Averages and integrals

An operation that reduces one or more dimensions of a field is called a Reduction; some reductions include Average, Integral, and CumulativeIntegral.

Let's demonstrate now how we can compute the average or the integral of a field over the grid or over some part of the grid. We start by creating a latitude-longitude grid that only goes up to 30 degrees latitude. Conveniently, with this latitude extent that grid covers half the total area of the sphere, i.e., 2π * grid.radius^2.

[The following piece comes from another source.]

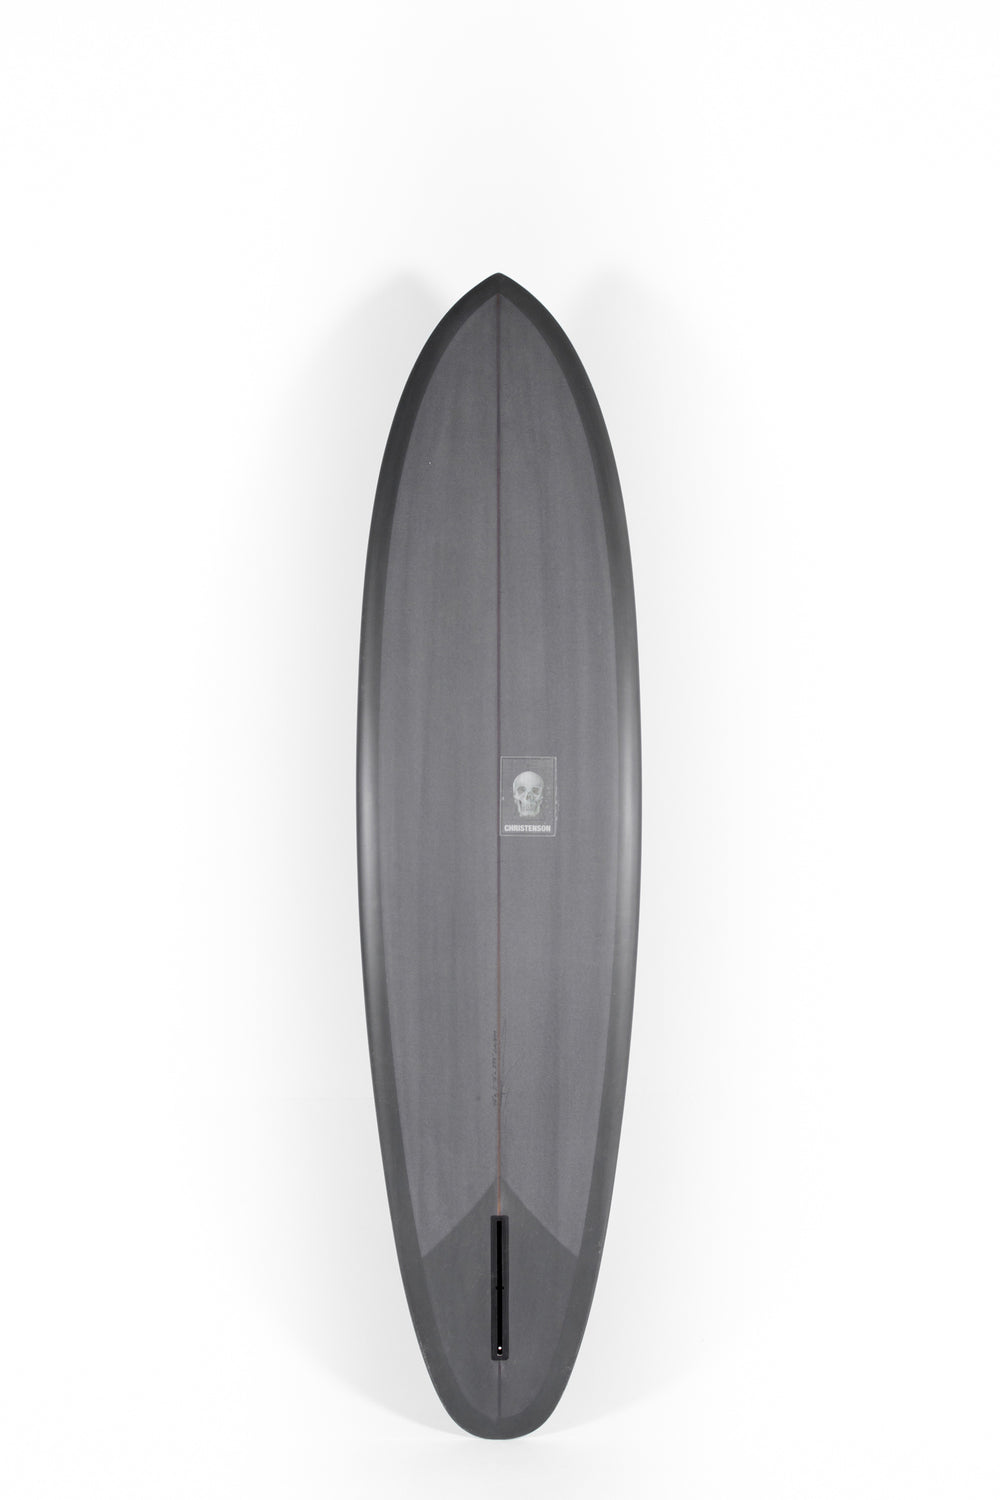 Christenson Surfboards - FLAT TRACKER 2.0 - 7'4
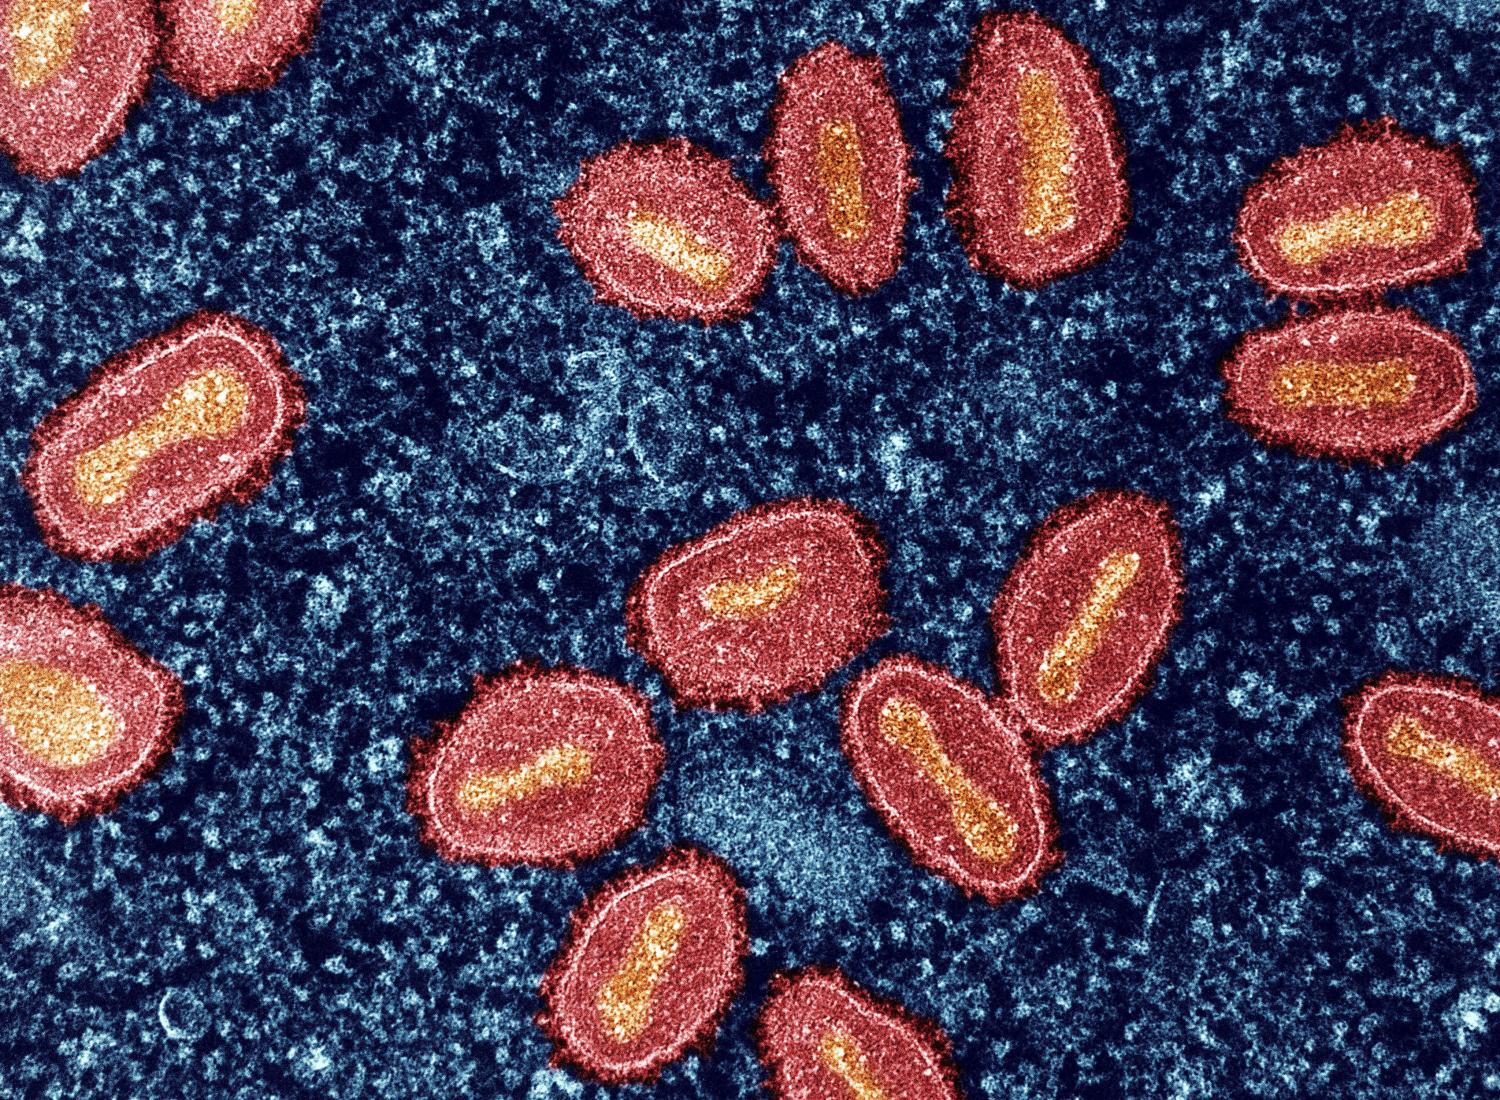 mpox virus

Let's try to estimate this area using Integral operation. We create a Field, we fill it with ones and we integrate it over the whole grid. We use a CenterField for the example below, but all location combinations work similarly.

using Oceananigans

grid = LatitudeLongitudeGrid(size=(60, 10, 5),
                             latitude = (-30, 30),
                             longitude = (0, 360),
                             z = (-1000, 0))

c = CenterField(grid)
set!(c, 1)

∫c = Field(Integral(c, dims=(1, 2)))

# output
1×1×5 Field{Nothing, Nothing, Center} reduced over dims = (1, 2) on LatitudeLongitudeGrid on CPU
├── data: OffsetArrays.OffsetArray{Float64, 3, Array{Float64, 3}}, size: (1, 1, 5)
├── grid: 60×10×5 LatitudeLongitudeGrid{Float64, Periodic, Bounded, Bounded} on CPU with 3×3×3 halo and with precomputed metrics
├── operand: Integral of BinaryOperation at (Center, Center, Center) over dims (1, 2)
├── status: time=0.0
└── data: 1×1×11 OffsetArray(::Array{Float64, 3}, 1:1, 1:1, -2:8) with eltype Float64 with indices 1:1×1:1×-2:8
    └── max=0.0, min=0.0, mean=0.0

A few remarks: note that the ∫c has locations Nothing, Nothing, Center; this is because we have integrated in the first two dimensions and thus it's reduced over dims = (1, 2). Further note that ∫c is full of zeros; its max, min, and mean values are all 0. No computation has been done yet. To compute ∫c, we call compute!,

compute!(∫c)

# output
1×1×5 Field{Nothing, Nothing, Center} reduced over dims = (1, 2) on LatitudeLongitudeGrid on CPU
├── data: OffsetArrays.OffsetArray{Float64, 3, Array{Float64, 3}}, size: (1, 1, 5)
├── grid: 60×10×5 LatitudeLongitudeGrid{Float64, Periodic, Bounded, Bounded} on CPU with 3×3×3 halo and with precomputed metrics
├── operand: Integral of BinaryOperation at (Center, Center, Center) over dims (1, 2)
├── status: time=0.0
└── data: 1×1×11 OffsetArray(::Array{Float64, 3}, 1:1, 1:1, -2:8) with eltype Float64 with indices 1:1×1:1×-2:8
    └── max=2.55032e14, min=2.55032e14, mean=2.55032e14

Above we see that the max, min and mean of the field are all the same. Let's check that these values are what we expect:

∫c[1, 1, 1] ≈ 2π * grid.radius^2 # area of spherical zone with |φ| ≤ 30ᵒ

# output

true

We can further have conditional reduced operations. Let's compute the above integral but only for North hemisphere.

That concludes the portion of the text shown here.